Adaptive Set-Mass Calibration with Conformal Prediction
Daniil Kazantsev, Mohsen Guizani, Eric Moulines, Maxim Panov, Nikita Kotelevskii
TL;DR
This work introduces cumulative mass calibration (CMC) and the CMCE metric to evaluate set-valued calibration, addressing the gap that traditional confidence- or class-wise calibration do not guarantee predictive-set validity. It builds on split conformal prediction to obtain marginally valid predictive sets and then applies two simple post-hoc procedures, mass rescaling and temperature scaling, to enforce a cumulative mass constraint at a chosen level $1-\alpha$, yielding $\alpha$-cumulative-mass-calibrated classifiers with marginal guarantees. Empirically, the proposed methods consistently improve CMCE and often other metrics (ECE, cw-ECE, NLL, Brier) on large-class benchmarks (e.g., CIFAR-100, ImageNet, iNaturalist21), and produce near-ideal cumulative-mass calibration curves, especially as the number of classes grows.
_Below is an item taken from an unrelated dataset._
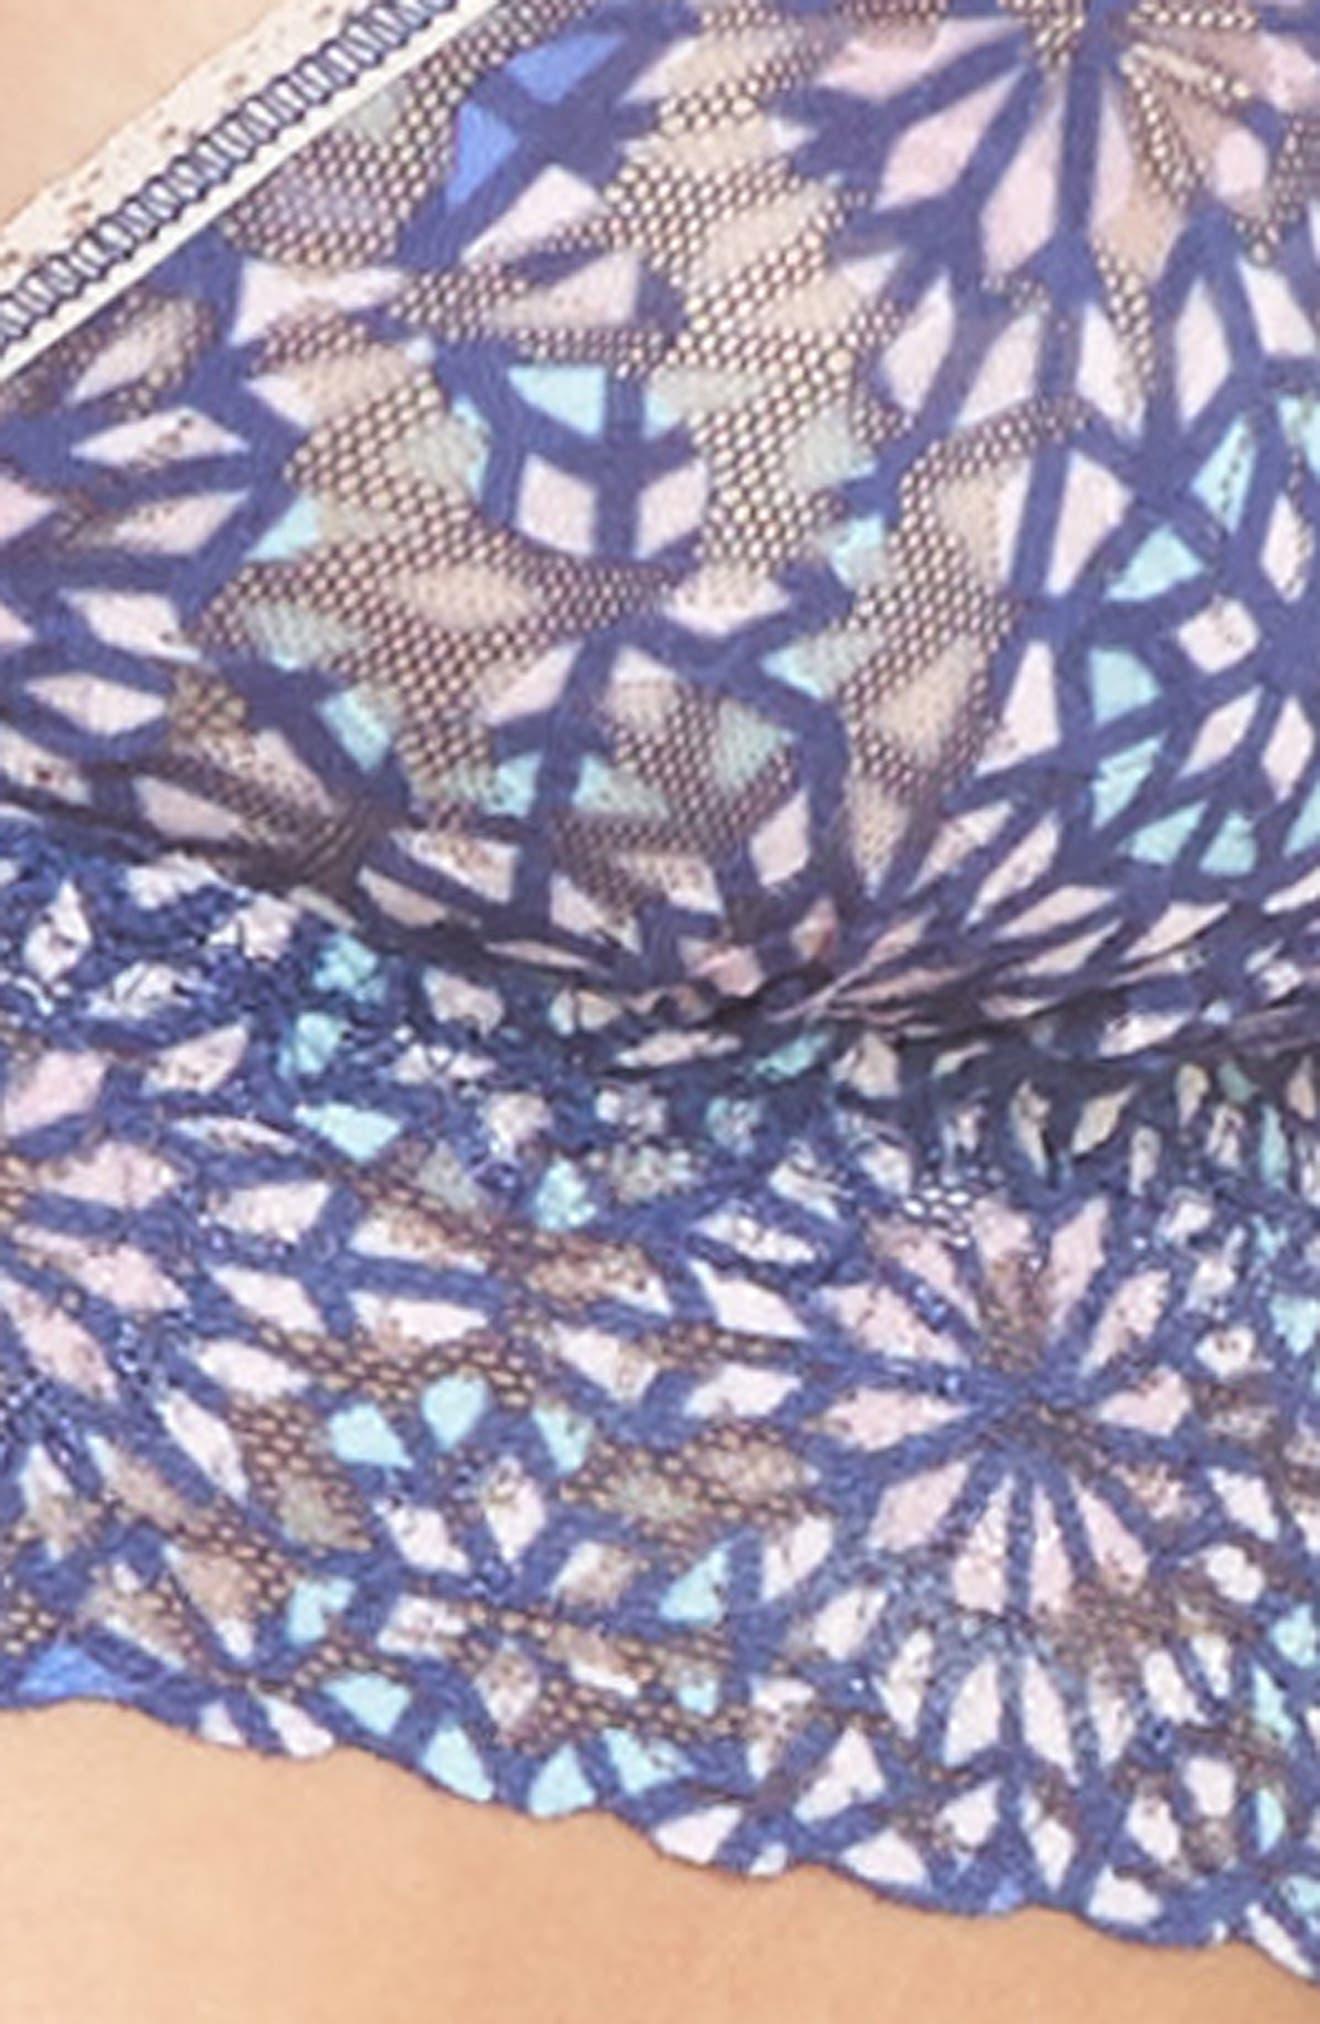 Maria Triangle Bralette,                             Alternate thumbnail 8, color,                             Blue Multi

The results demonstrate practical, scalable calibration with theoretical marginal guarantees, while highlighting limitations related to choosing $\alpha$, conditional calibration, and potential conservativeness in heterogeneous data settings.
Abstract
Reliable probabilities are critical in high-risk applications, yet common calibration criteria (confidence, class-wise) are only necessary for full distributional calibration, and post-hoc methods often lack distribution-free guarantees. We propose a set-based notion of calibration, cumulative mass calibration, and a corresponding empirical error measure: the Cumulative Mass Calibration Error (CMCE). We develop a new calibration procedure that starts with conformal prediction to obtain a set of labels that gives the desired coverage. We then instantiate two simple post-hoc calibrators: a mass normalization and a temperature scaling-based rule, tuned to the conformal constraint. On multi-class image benchmarks, especially with a large number of classes, our methods consistently improve CMCE and standard metrics (ECE, cw-ECE, MCE) over baselines, delivering a practical, scalable framework with theoretical guarantees.